For many, the return to the workplace is a daunting prospect.  Perhaps you’ve been furloughed and feel anxious about the return to a team that may have been working throughout.  Feelings about changed responsibilities and acceptance back into a team may feel overwhelming.  Or maybe you are carrying a pick and mix bag of feelings which have stemmed from numerous worries and scenarios and the thought of being able to function as you once did feels like an impossible feat.  It could be that you have been working throughout the pandemic, taking on extra responsibilities as staff numbers have reduced and now the sense of burnout feels all consuming.

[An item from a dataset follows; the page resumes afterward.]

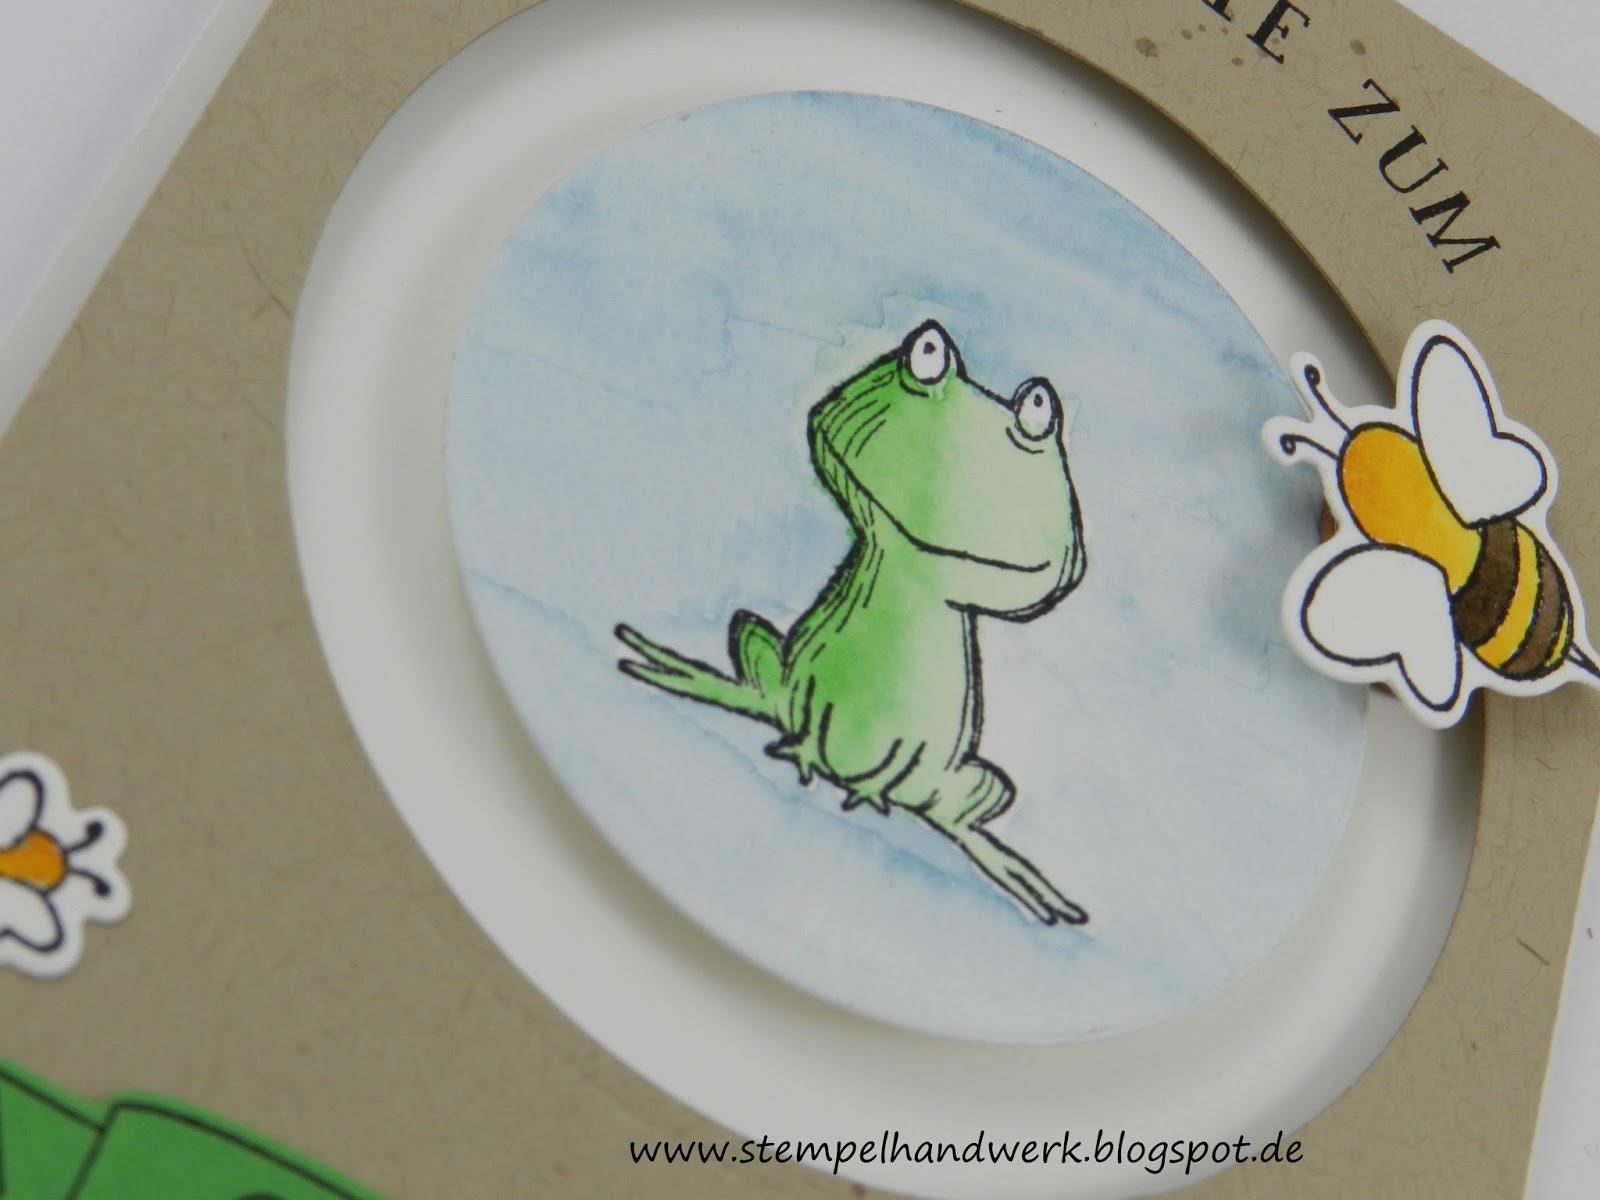 Stempelhandwerk: Interaktive Geburtstagskarte mit Frosch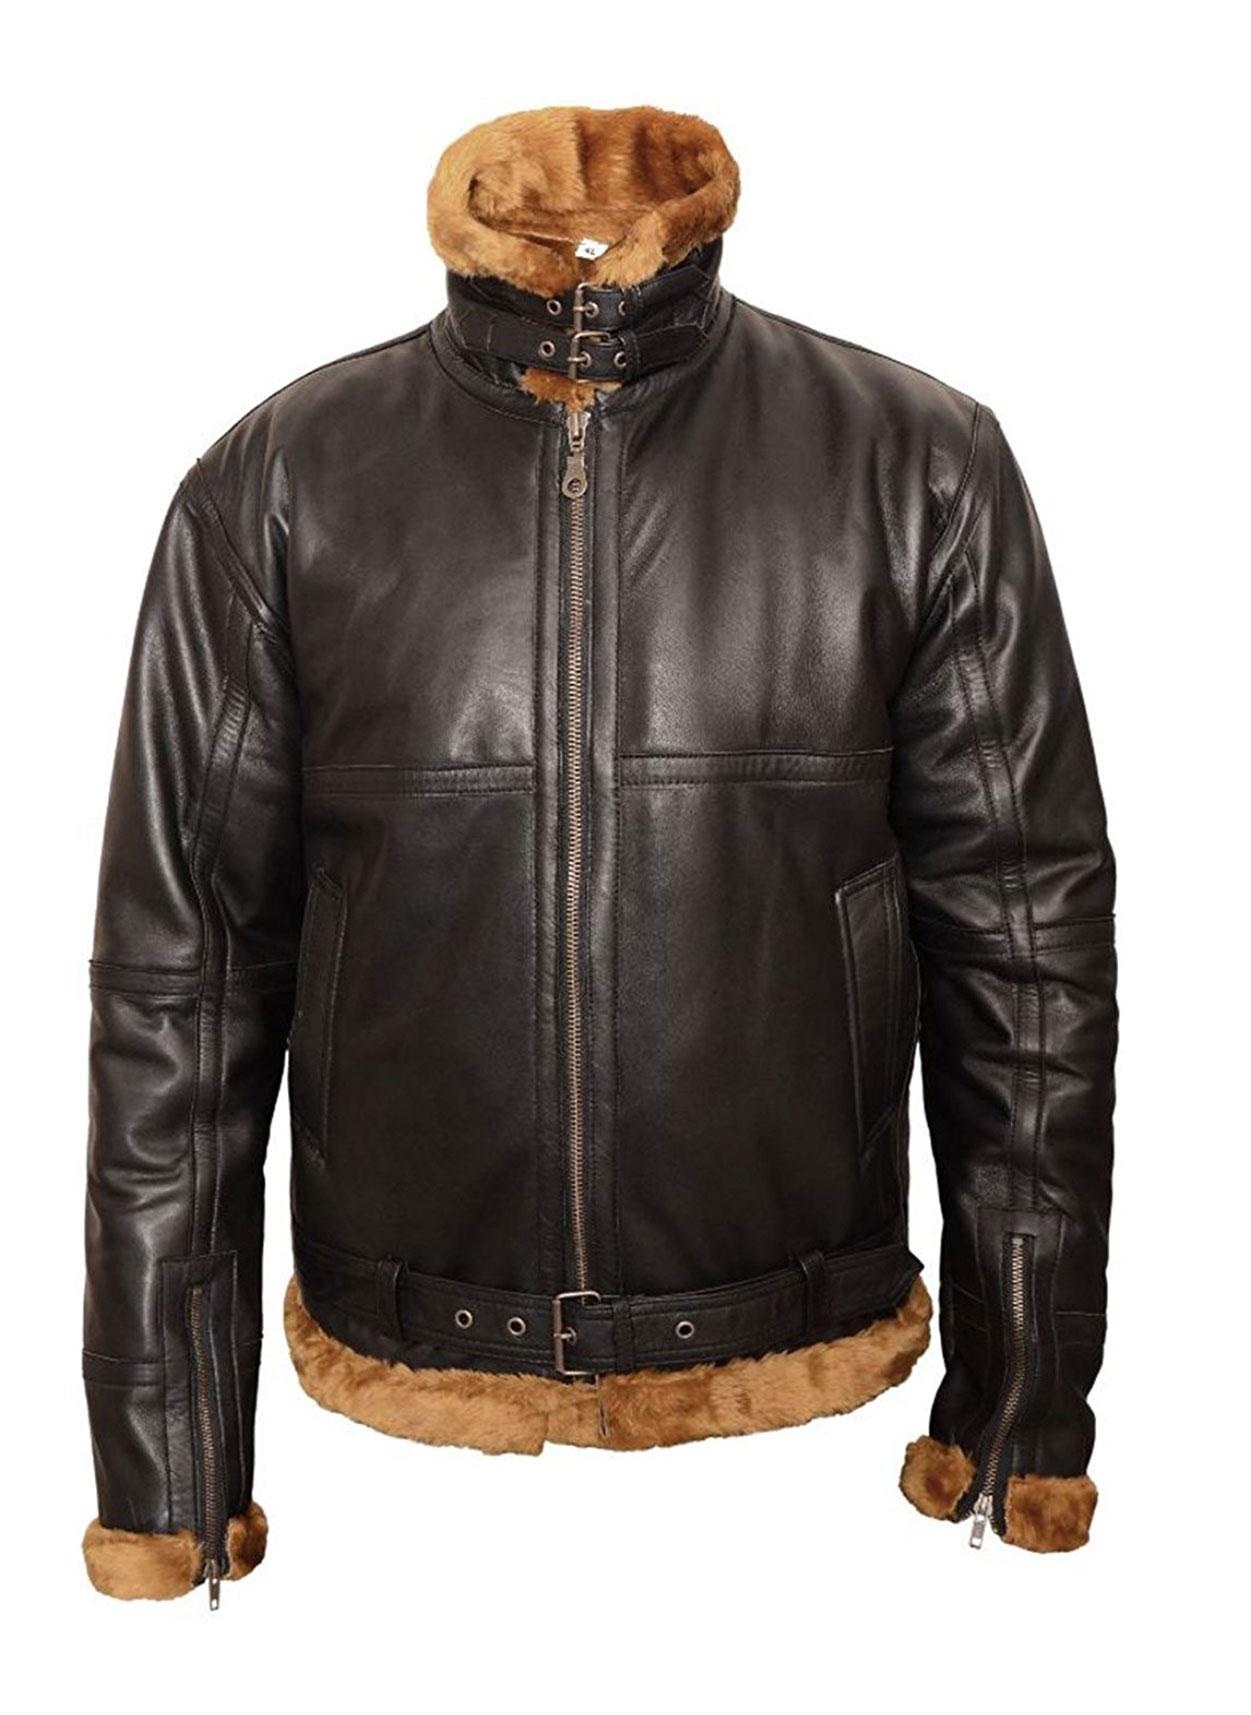 b3-bomber-jacket-d

The most important thing to understand, is that what you may be feeling now, doesn’t have to be your ‘final destination’.  I have worked with both personal and professional groups where processing change has brought about opportunities; replacing ‘survive’ with the knowledge, skills and ability to not only manage, but to thrive. 

Happy young female talking with mentor.

Creating New Strategies

Coaching offers a safe and confidential space to focus on you, to reflect on experiences, create space to acknowledge and connect with your current thought and feelings.

The process not only gives you time to think and supports you to explore new perspectives, it helps you to set different intentions and attitudes to take forward, whether that is for your work, your relationships, your health, finding your authentic self or all of them.

Through the coaching process, you become more aware of yourself and what is possible to change, you develop the confidence and alignment to face your challenges and through this process you learn ways to manage uncertainty, adapt and thrive.

As your coach, I’m a catalyst helping you to connect head, heart and spirit and find what is meaningful to you, so you develop your strengths and find resources to enable you to move towards that with a sense of empowerment and autonomy.

Examples of where coaching can help:

  • Reconnect with yourself and your purpose in the world and feel empowered to move forwards with confidence, commitment and clarity
  • To improve your health and well-being
  • Developing the skills and capacity for Personal Leadership (1)
  • Ongoing support for leaders and managers through uncertain, dynamic and complex times
  • Build on your strengths and resources to manage the challenges facing you, whether from the outside or within yourself
  • When you are catapulted into a personal or professional transition in your life that is not of your choosing, for example a health diagnosis, the death of someone close to you, redundancy.